Er zijn enkele populaire vooraf gedefinieerde mixin-collecties waarin ik eerder heb genoemd Compass en Bourbon. Met een eenvoudige @import in uw project kunt u toegang hebben tot reeds gegenereerde mixins die algemeen worden gebruikt op internet. Er zijn zoveel opties dat het moeilijk is om alles wat beschikbaar is te dekken, maar het is beslist leuk om te experimenteren en je handen vies te maken door aangepaste animaties of overgangen te ontwikkelen met een paar regels code in plaats van een scherm vol. Mixins maken cross-browserontwikkeling een koud kunstje als je geen zin hebt om door de browser gedefinieerde prefixen steeds opnieuw in je CSS te typen.

Hier maken we bijvoorbeeld een mix in met argumenten waarmee deze kan worden aangepast.

@mixin my-border($color, $width) {border: {color: $color;width: $width;style: $dashed;}}p { @include my-border (blue, lin); }

welke ons deze CSS geeft wanneer het gecompileerd is:

p {border-color: blue;border-width: lin;border-style: dashed;}

Overzicht

Hoewel Sass een leercurve kent, geloof ik echt dat als je de methoden en de syntaxis eenmaal begrijpt, je nooit meer terug wilt naar het schrijven van standaard-CSS.

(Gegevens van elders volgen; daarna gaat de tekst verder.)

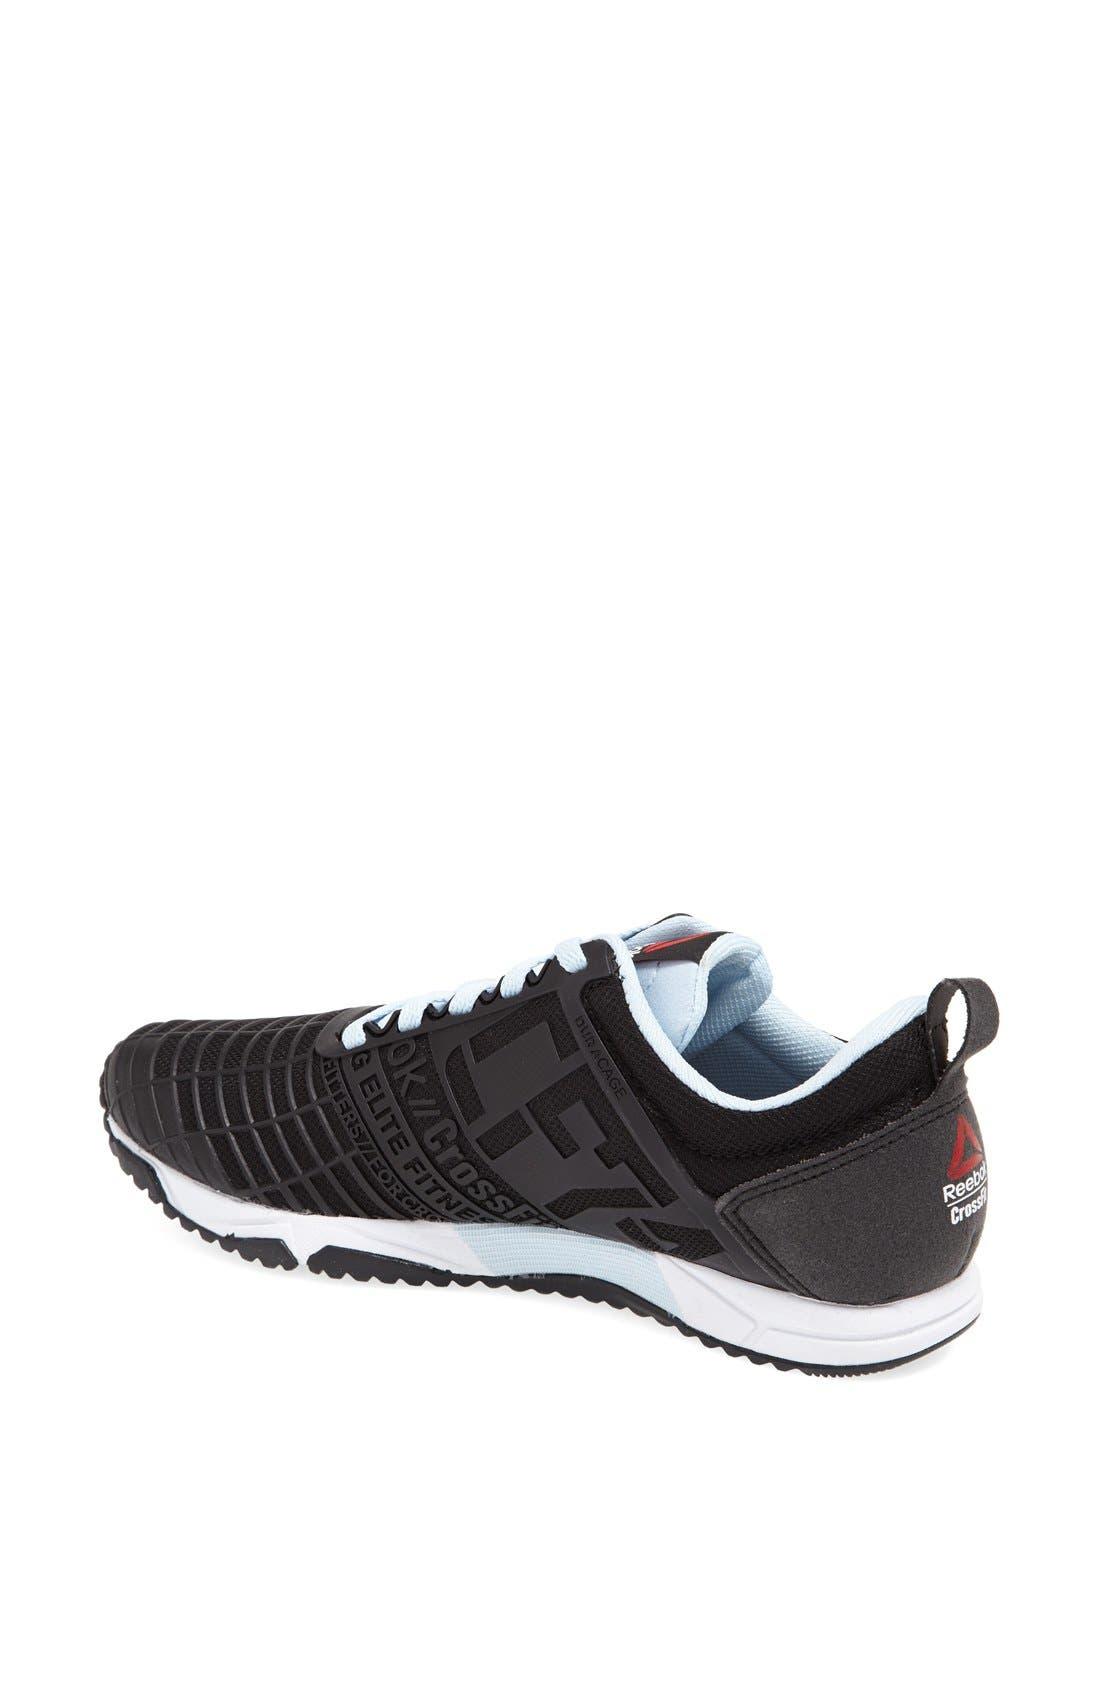 Alternate Image 2  - Reebok 'Crossfit Sprint' Training Shoe (Women)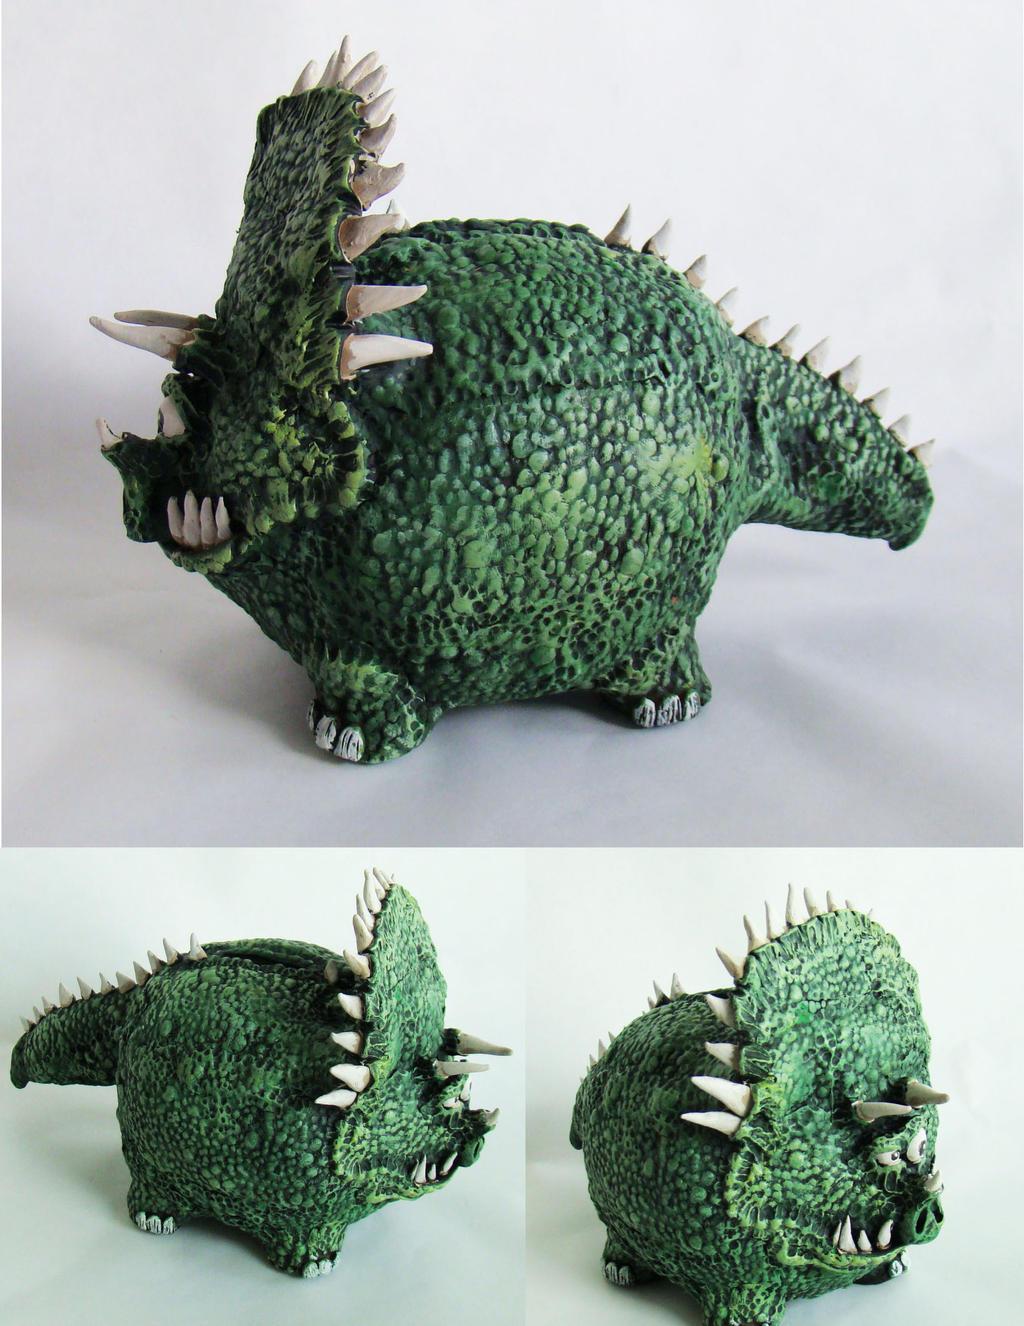 Dinosaur piggy bank by richardsymonsart on deviantart - Dinosaur piggy banks ...

Sass is buitengewoon krachtig en ik heb hier alleen de basis besproken. Met traditionele CSS zijn we allemaal het kopiëren en plakken tegengekomen of het vinden en vervangen van taken die zo veel tijd verspillen in de ontwikkelingsfase van uw project. Geef Sass een kans en ontdek hoe u een effectieve workflow kunt opbouwen in uw toekomstige projecten.

Gebruikt u Sass of geeft u de voorkeur aan een andere preprocessor voor CSS? Heb je een favoriete mixin? Laat het ons weten in de comments.

Uitgelichte afbeelding / miniatuur, maakt gebruik van een afbeelding van nul tot held via Shutterstock.